(Beginning of SUPPLIED DATA)

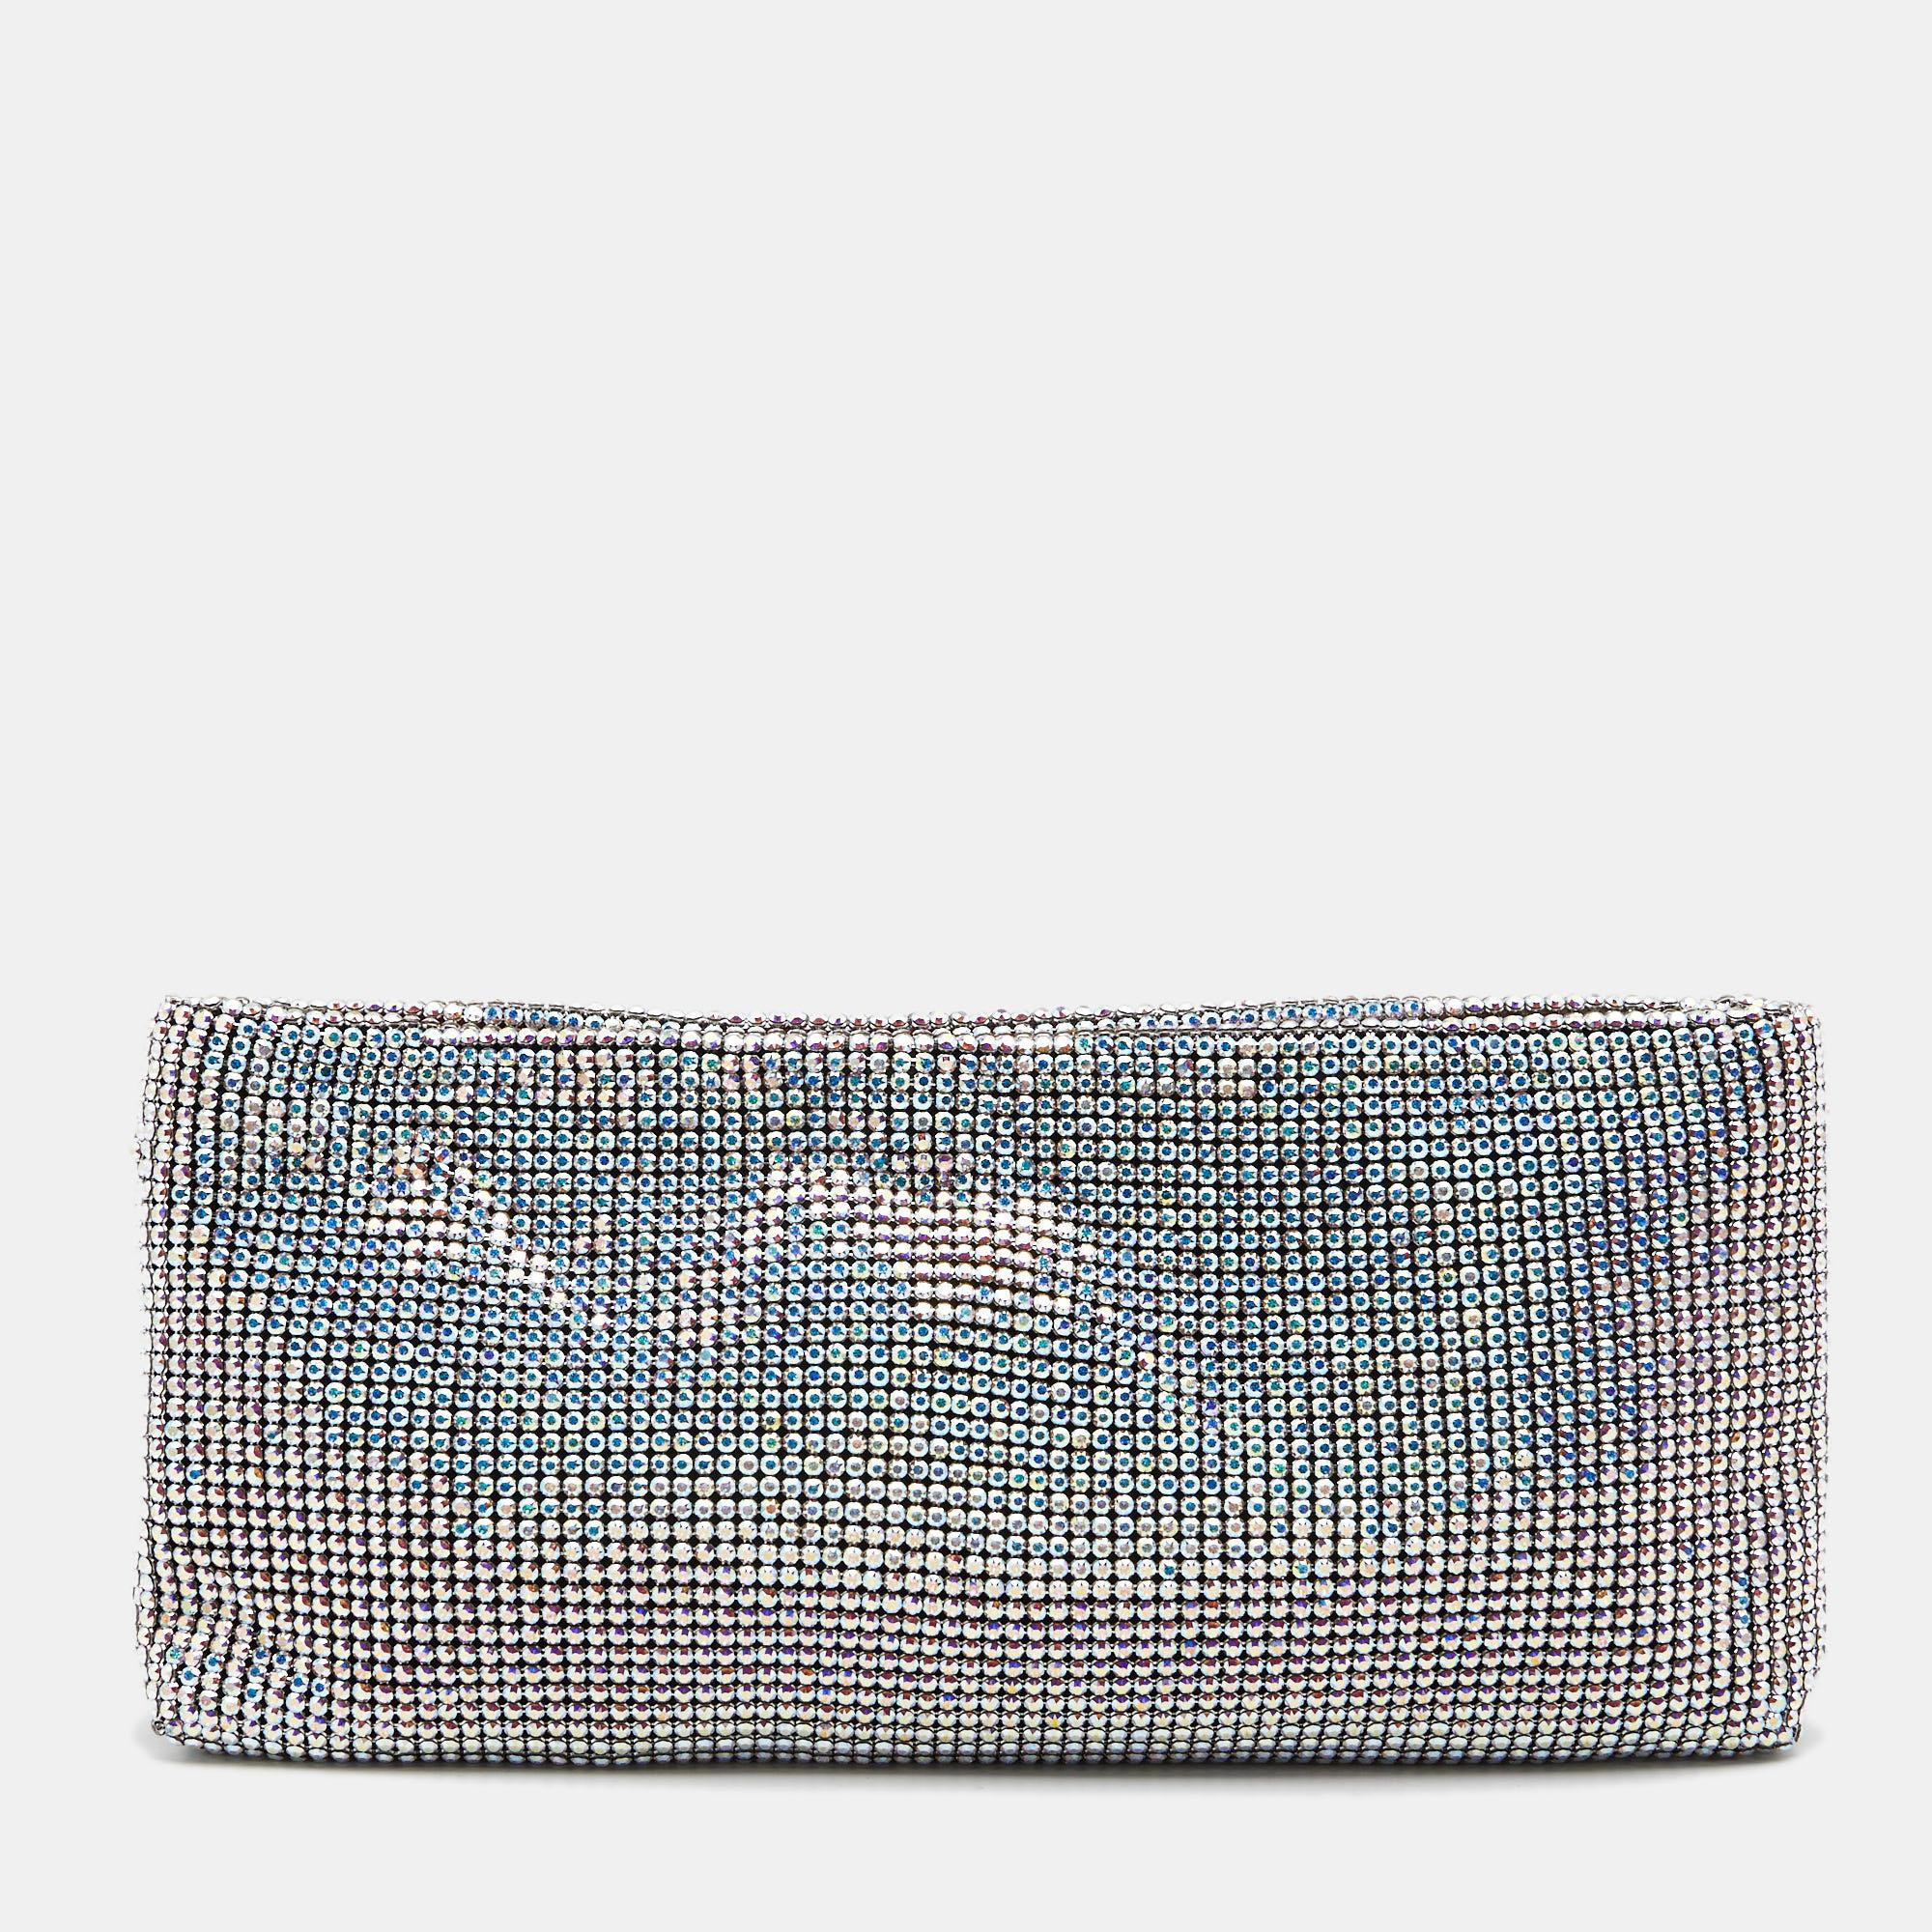 Christian Louboutin presents to you this shimmering clutch for parties and night outings! It is crafted from sparkling crystals and silver-tone hardware. It is complete with a well-sized fabric interior.

Includes: Original Dustbag
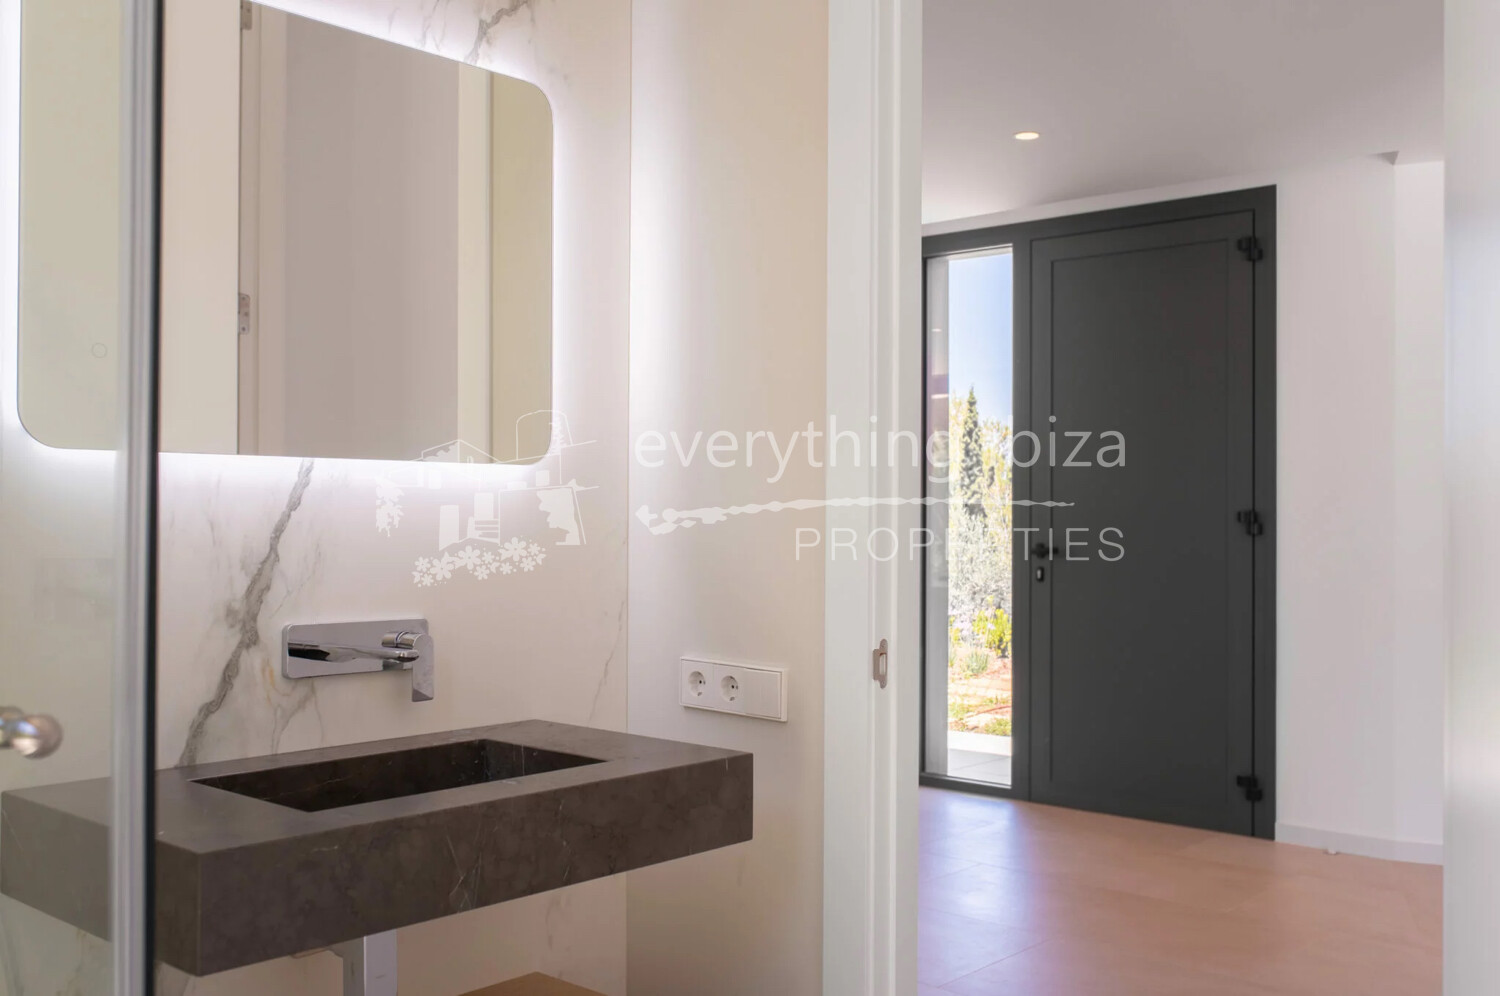 Luxurious New Villa with Two Pools Near Golf Course and Beach, ref. 1661, on sale in Ibiza by everything ibiza Properties

(End of SUPPLIED DATA)

• [PROBLEM STATEMENT]:
Reproduce, with the pictures omitted, exactly those lines that run from the line with "Includes: Original Dustbag" to the last line of the material, both ends included.

• [TASK OUTPUT]:
Includes: Original Dustbag
 Luxurious New Villa with Two Pools Near Golf Course and Beach, ref. 1661, on sale in Ibiza by everything ibiza Properties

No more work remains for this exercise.